Computer-implemented invention
For a broad definition, software patent is sometimes taken to categorise any patented invention which could be fully specified by the code of a computer program operating particular known conventional hardware.
This is close to the definition of "computer-implemented invention" which was put forward by the European Commission, defined as "any invention the performance of which involves the use of a computer, computer network or other programmable apparatus and having one or more prima facie novel features which are realised wholly or partly by means of a computer or computer programs." [1]
The terms "software-enabled invention" and "software-operated invention" have also been used.
"Pure" software patent
However, because the term "software patent" has acquired strongly negative associations in some circles, some campaigners on both sides of the debate prefer to reserve the term "software patent", or "patent on pure software", more narrowly, to refer to contributions that they believe should not be patentable subject matter, in contradistinction to the term "software-enabled invention" which would refer only to contributions which would involve patentable subject matter (otherwise they would not be "inventions").

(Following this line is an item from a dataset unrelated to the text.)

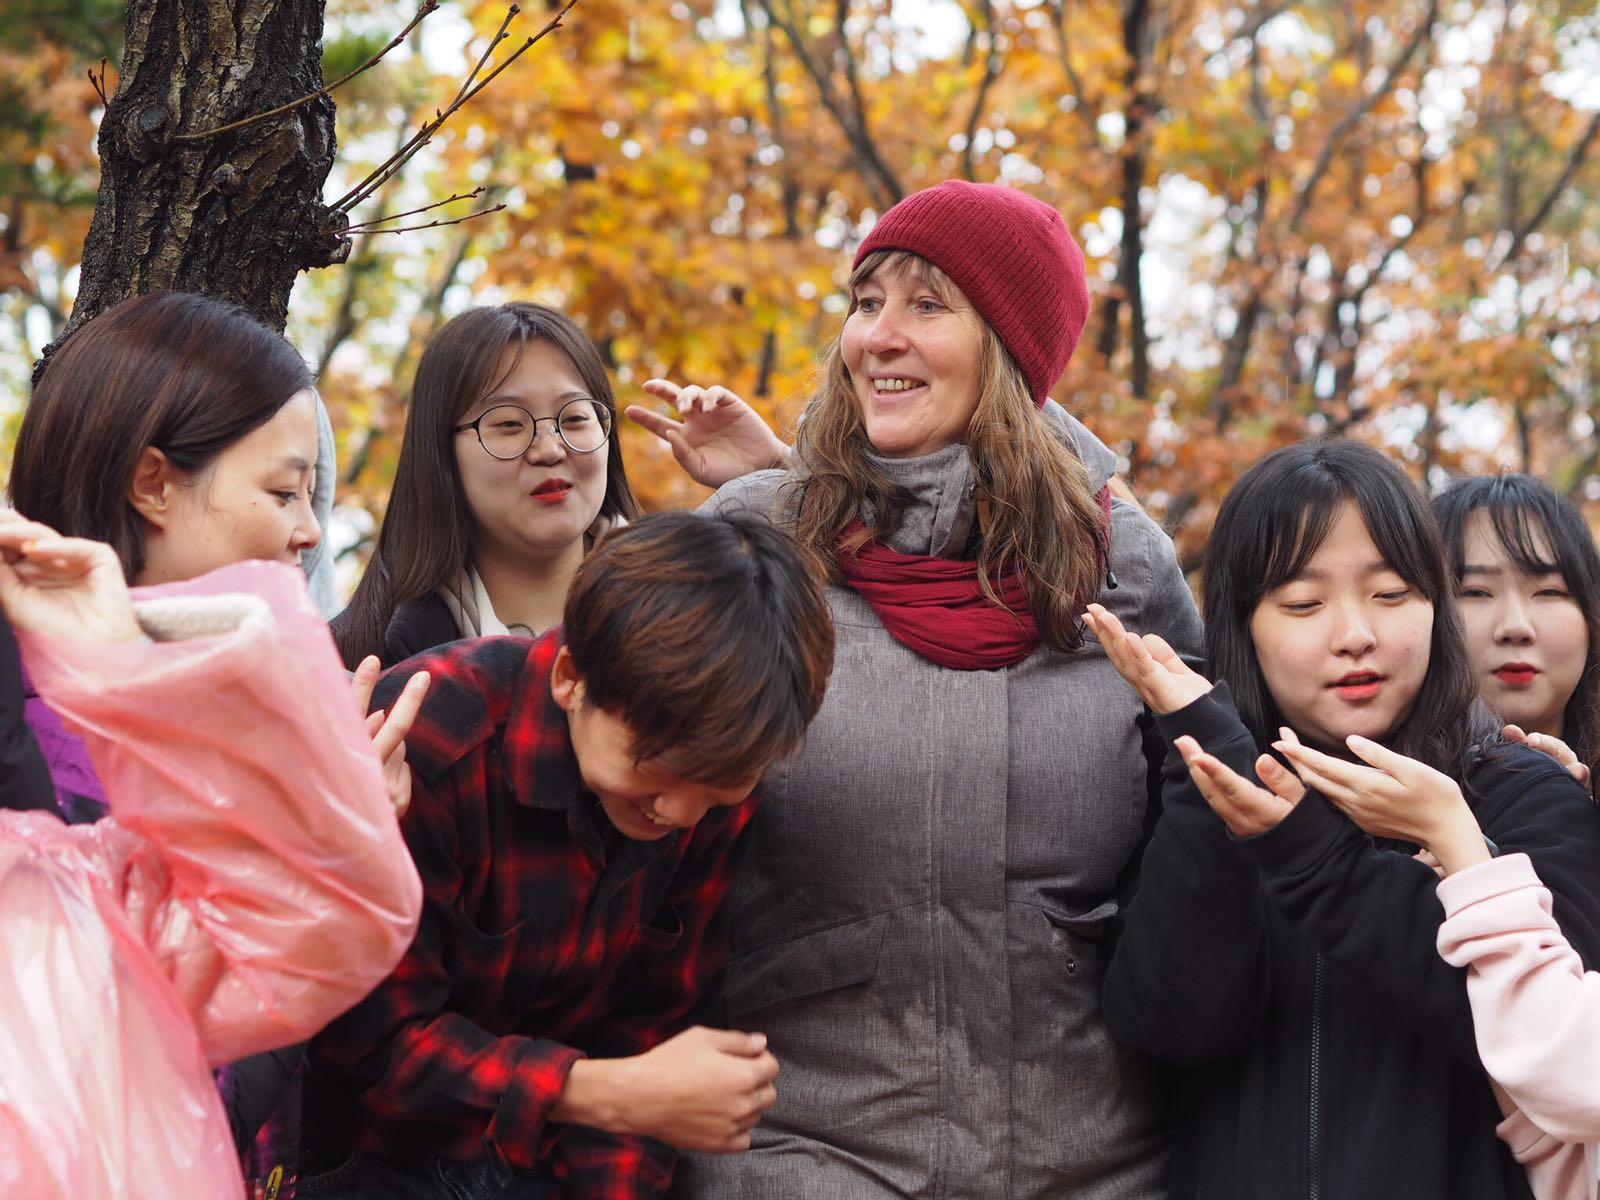 """Petra Jäger mit einer Gruppe Teilnehmer an dem Kongress """"Natur, Freispiel, Gemeinschaft"""", College Chung Kang, nach einer Stunde Dauerregen konnten die Regenschirme weggelassen werden"""

According to taste, a "pure" software patent might therefore be a patent on:
- A piece of code not involving "control of the forces of nature";
- A piece of code relating solely to the "processing, handling and presentation of information";
- A piece of code with no "technical effect" (however one wishes to define technical);
- A piece of code as an abstract listing, not actually running on a programmable device.
- A piece of code with merely literary merit, rather than any identifiable functional benefits;
Disguised software patents
In some jurisdictions a further difficulty in drawing a clear boundary between software patents and other patents may come from the fact that a patent claim can be written so as to embrace many different implementations (some using purely mechanical or electrical means, others using software), for instance by using functional features (e.g. "means for controlling"). Additionally, in some jurisdictions under the so-called doctrine of equivalents and its analogues, a patent that on its face does not appear to require software can be infringed in certain circumstances if software is used as an equivalent of (i.e. to substitute for) a non-software element. This creates further implications for which reasonably might or might not be called a software patent.